* SUPPLIED DATA *
Content starts

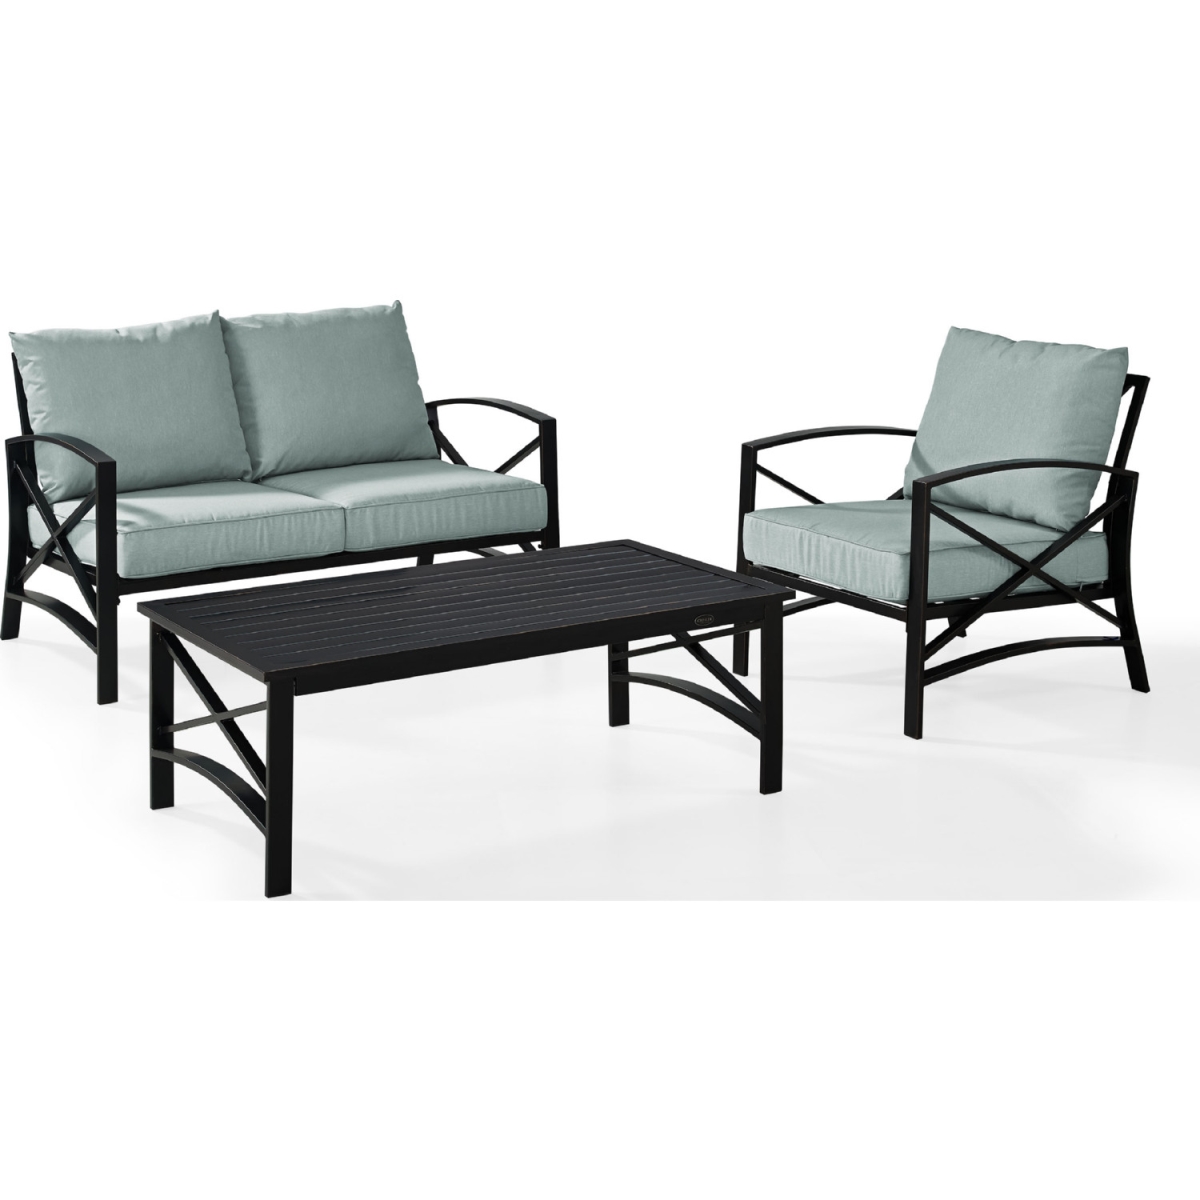 Ko60014bz-mi 3 Piece Kaplan Outdoor Seating Set With Mist Cushion - Loveseat, Chair, Coffee Table
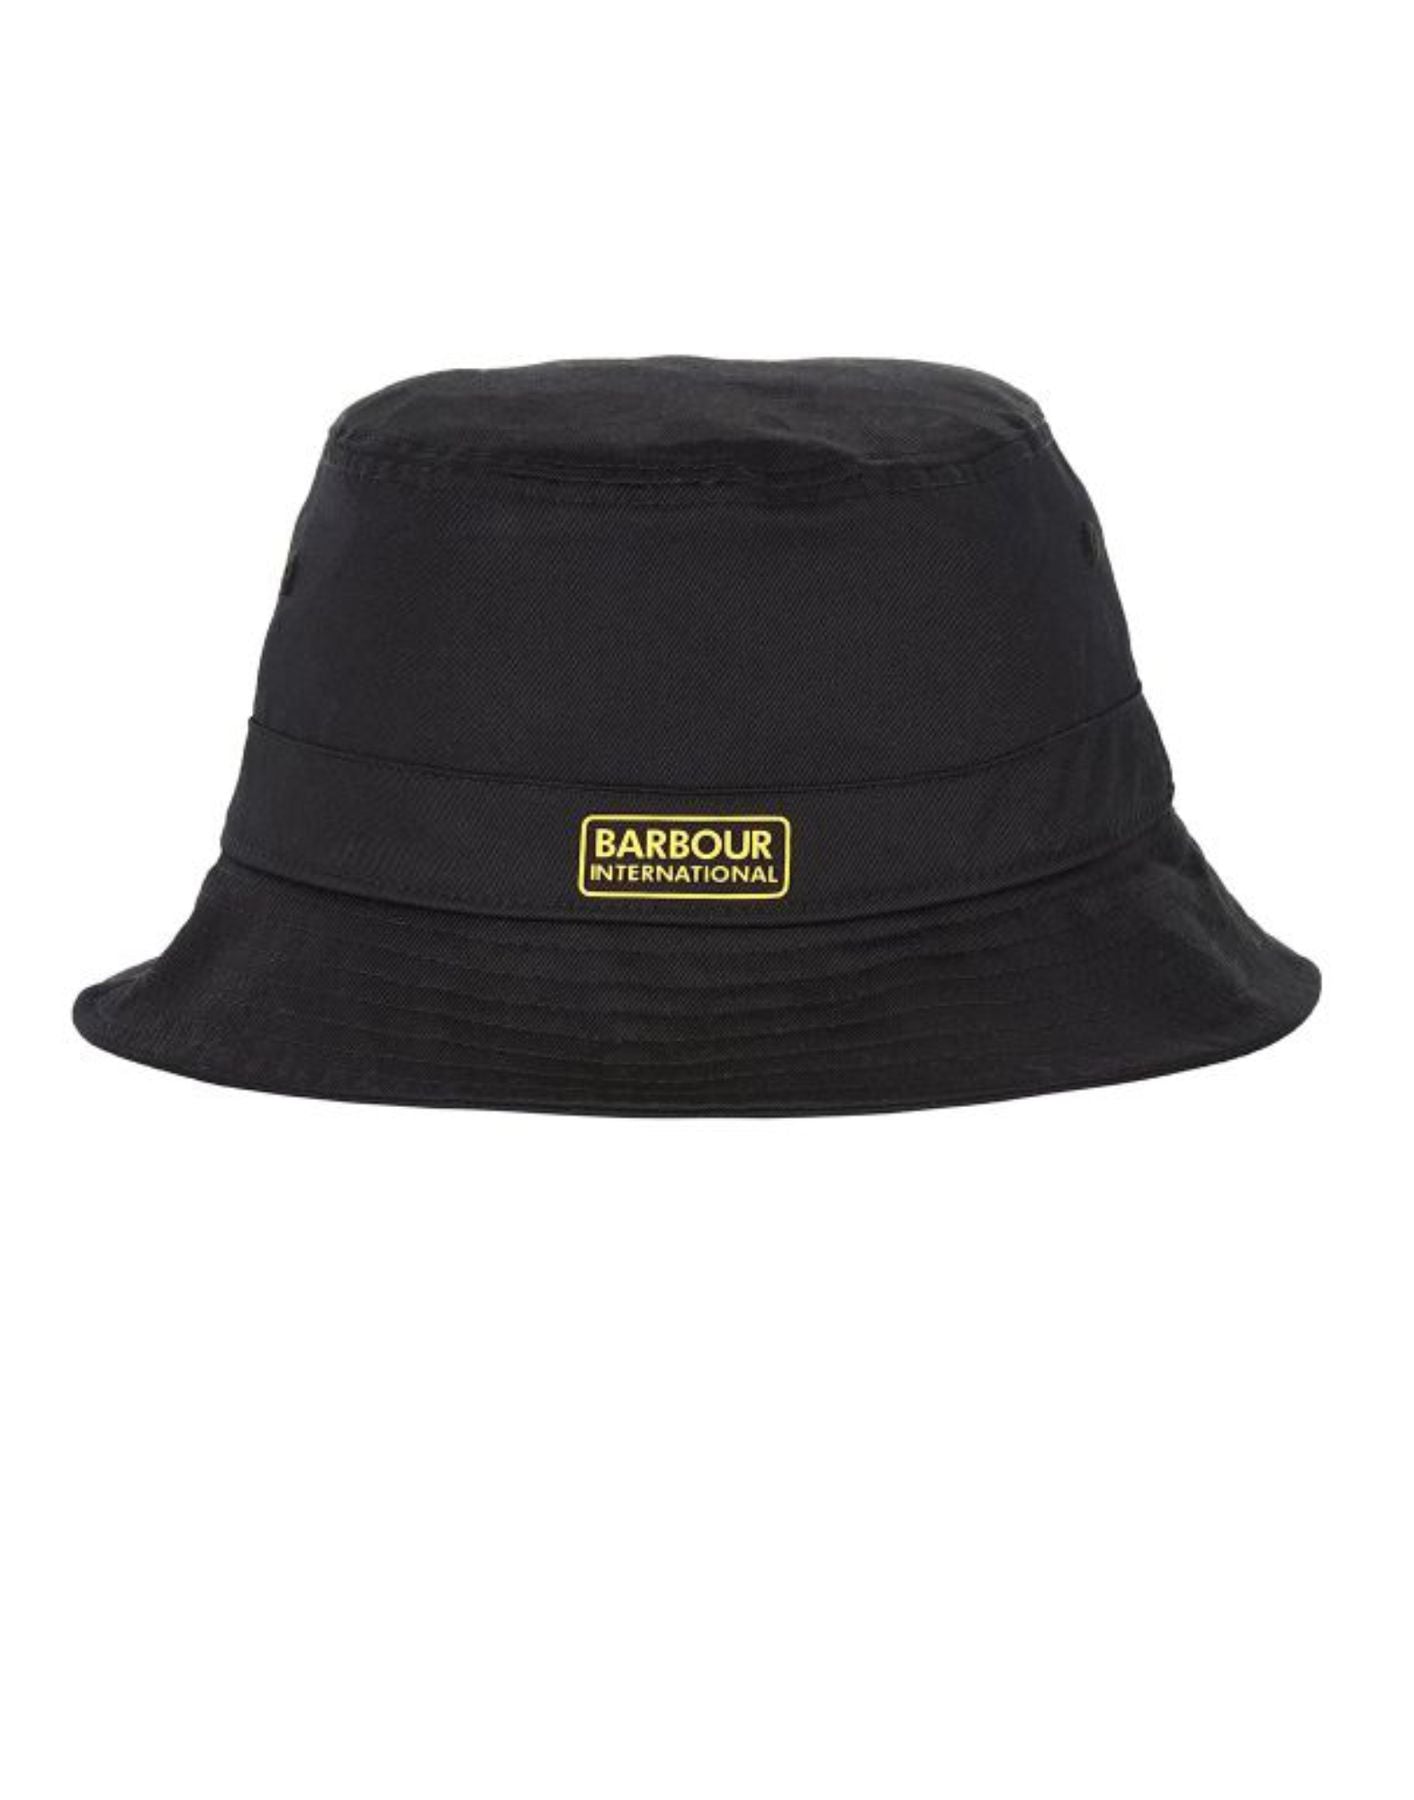 Sombrero para el hombre mha0687bk11 BARBOUR INTERNATIONAL
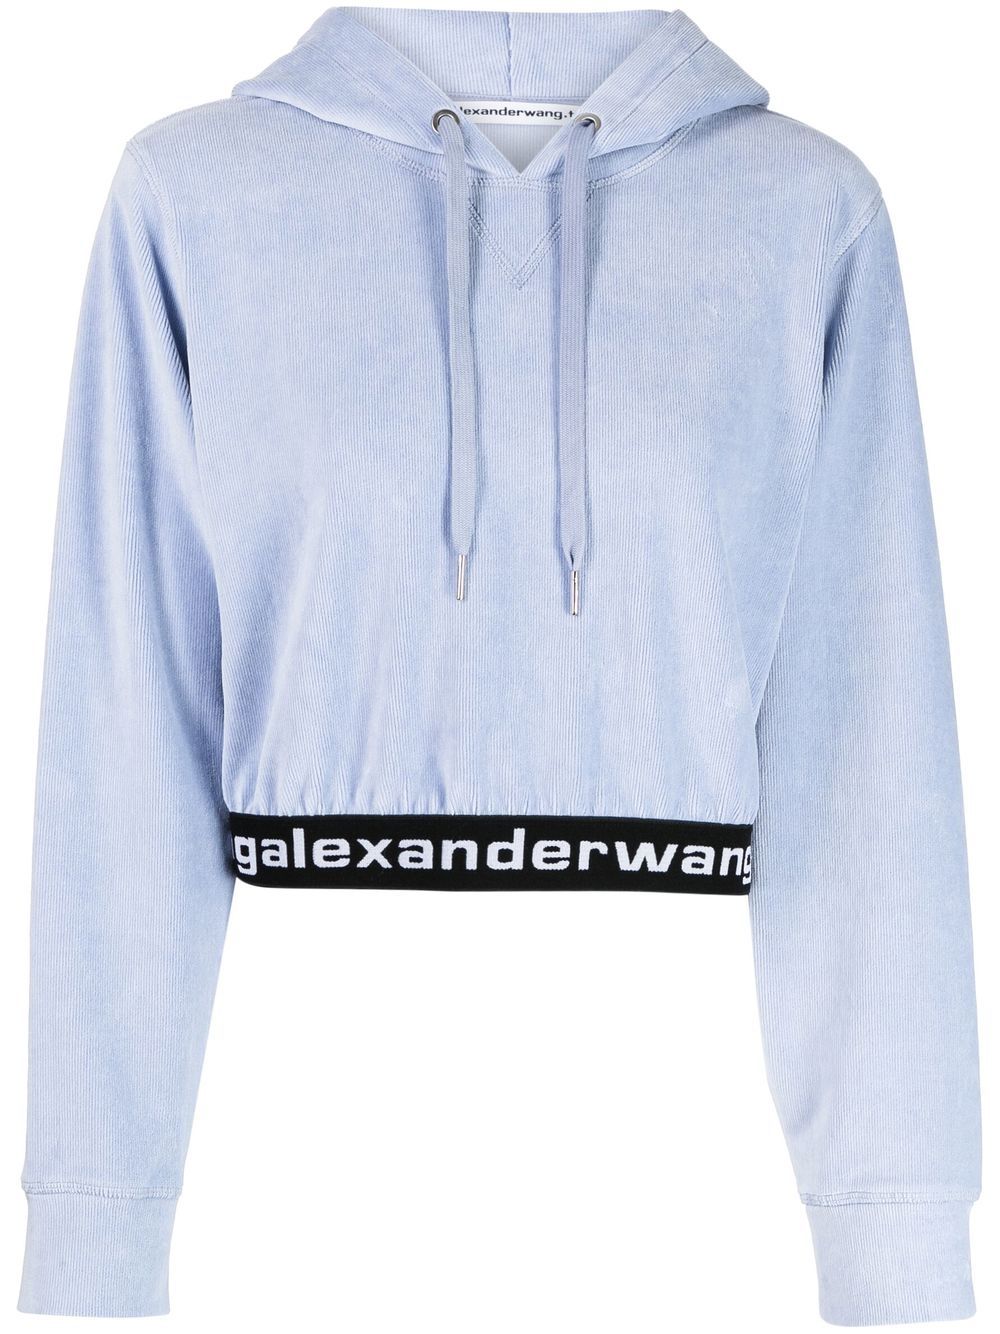 Alexander Wang logo-waistband Cropped Hoodie - Farfetch
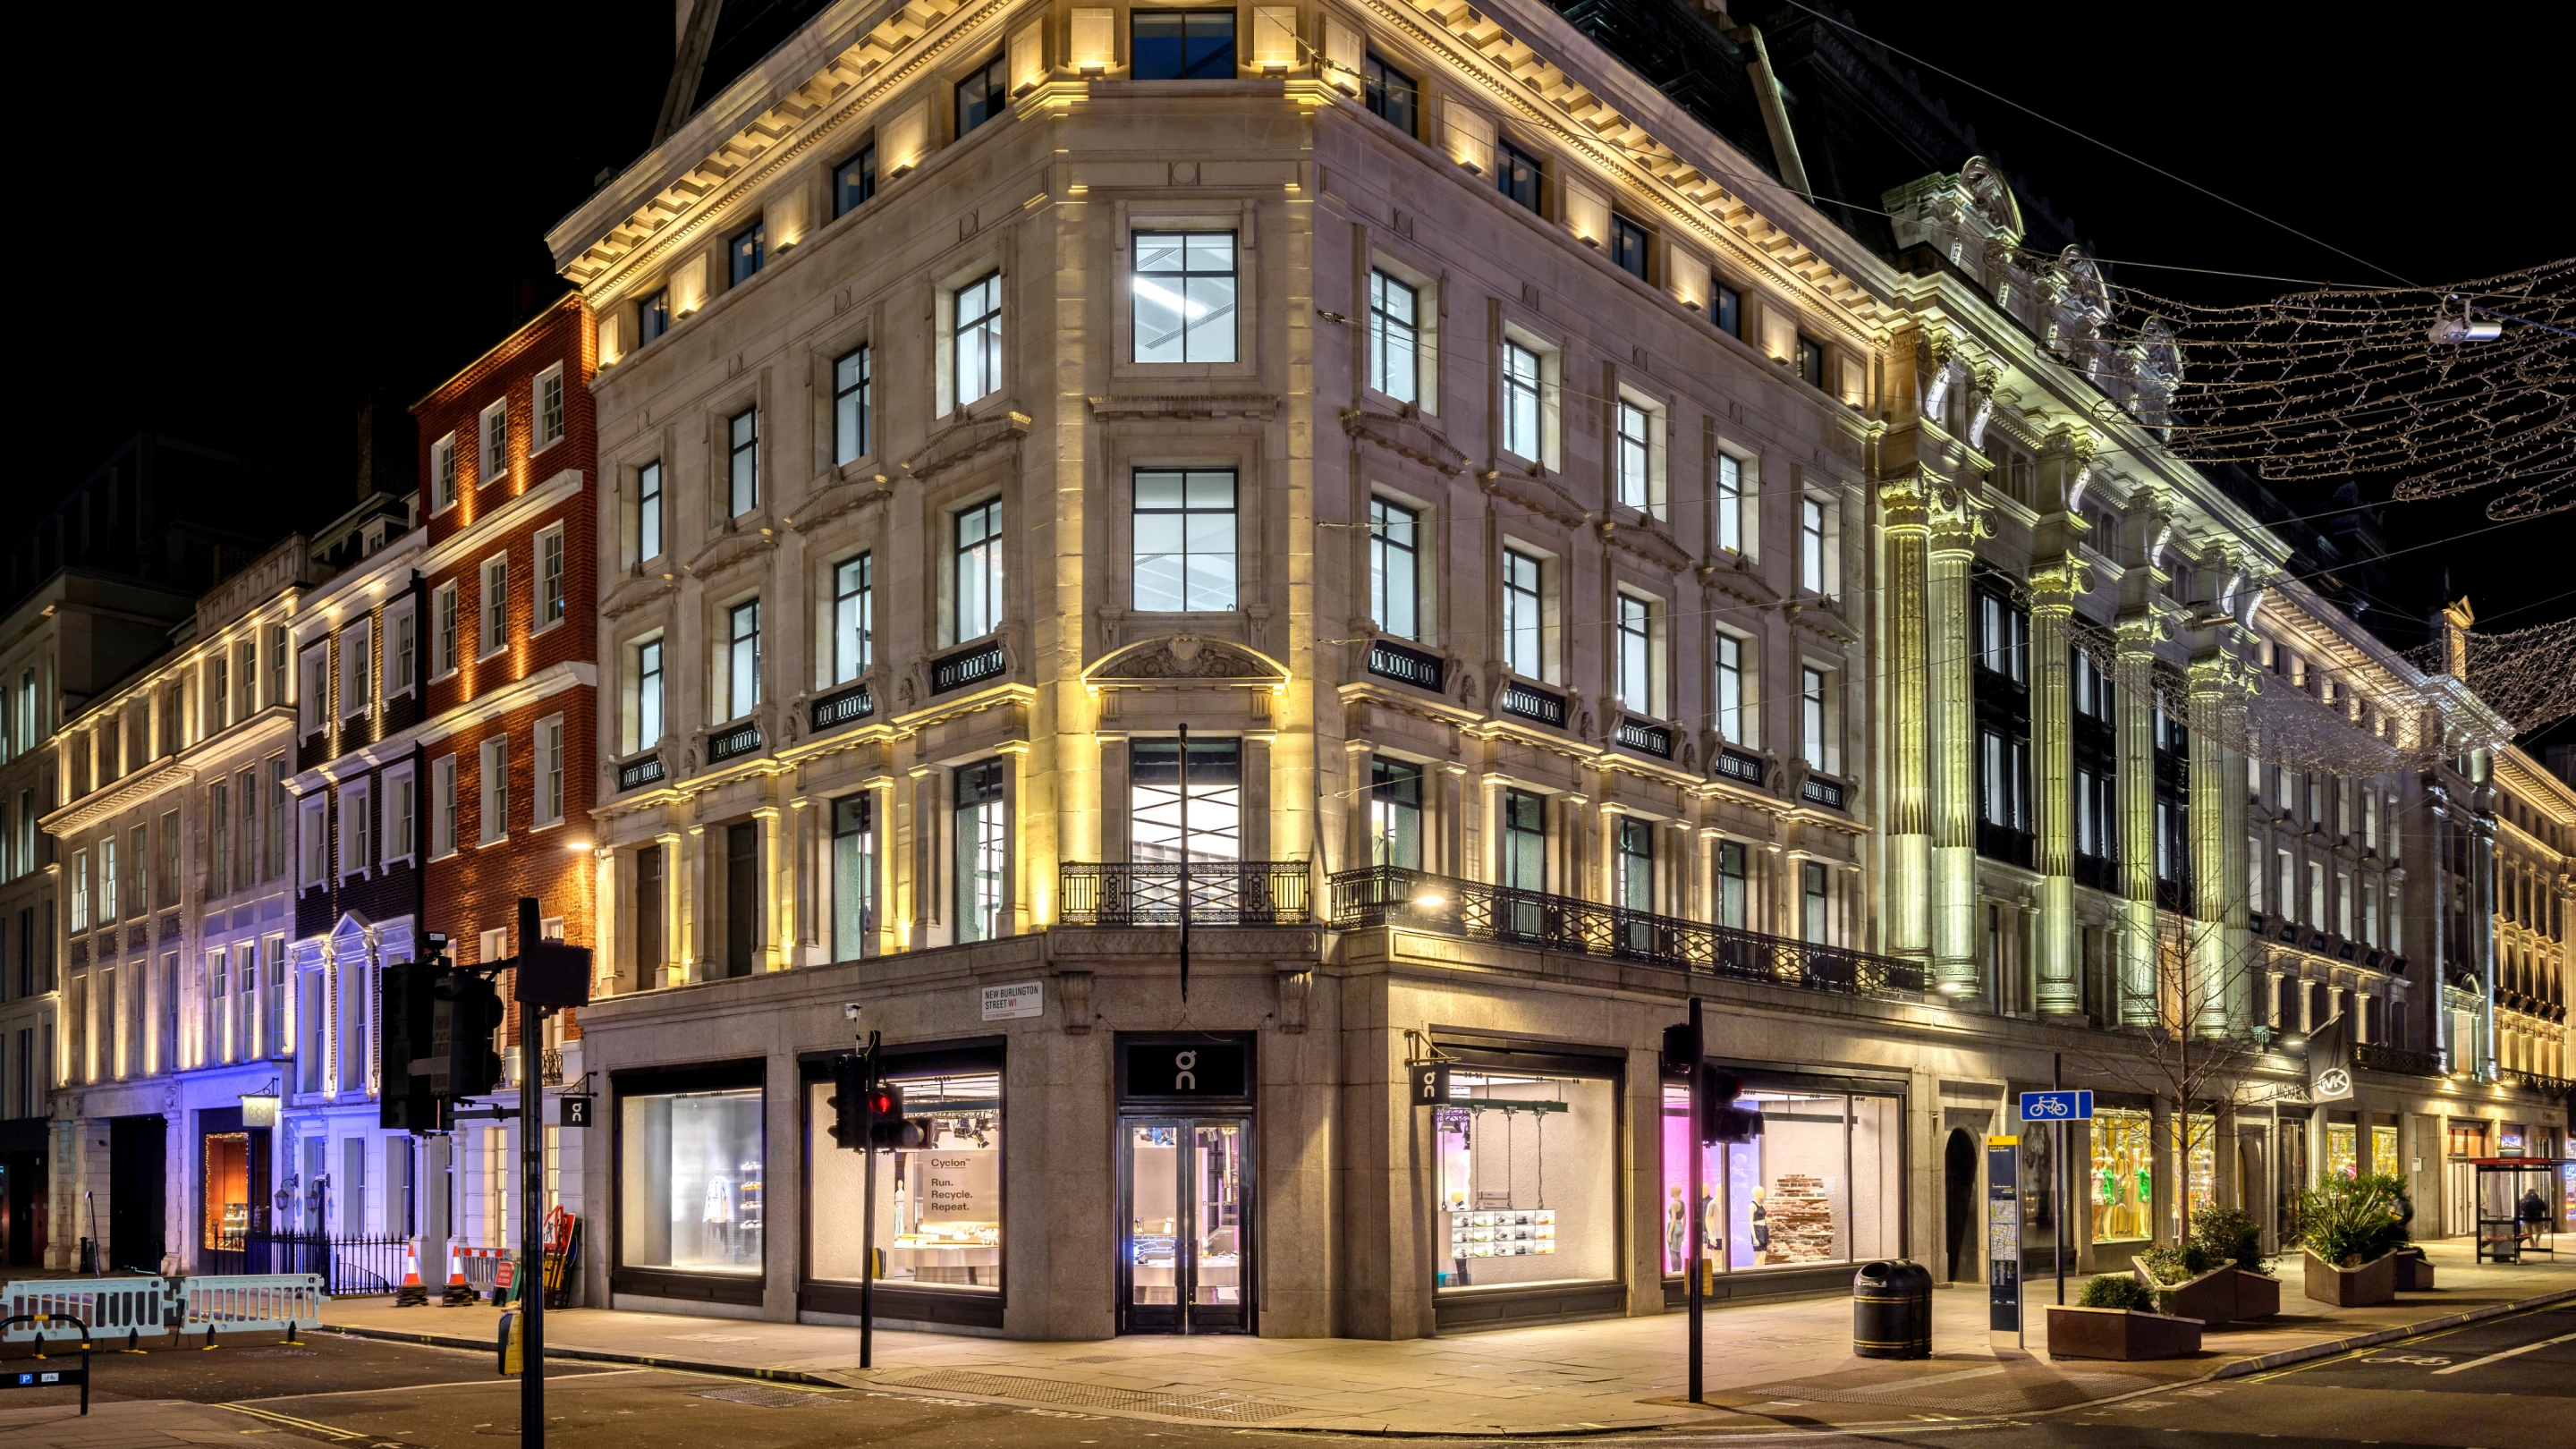 flagship store london

Content ends

* ASSIGNED TASK *
Return the listing unchanged except for the pictures, which should be dropped.

* WRITTEN ANSWER *
 Ko60014bz-mi 3 Piece Kaplan Outdoor Seating Set With Mist Cushion - Loveseat, Chair, Coffee Table
 Sombrero para el hombre mha0687bk11 BARBOUR INTERNATIONAL
 Alexander Wang logo-waistband Cropped Hoodie - Farfetch
 flagship store london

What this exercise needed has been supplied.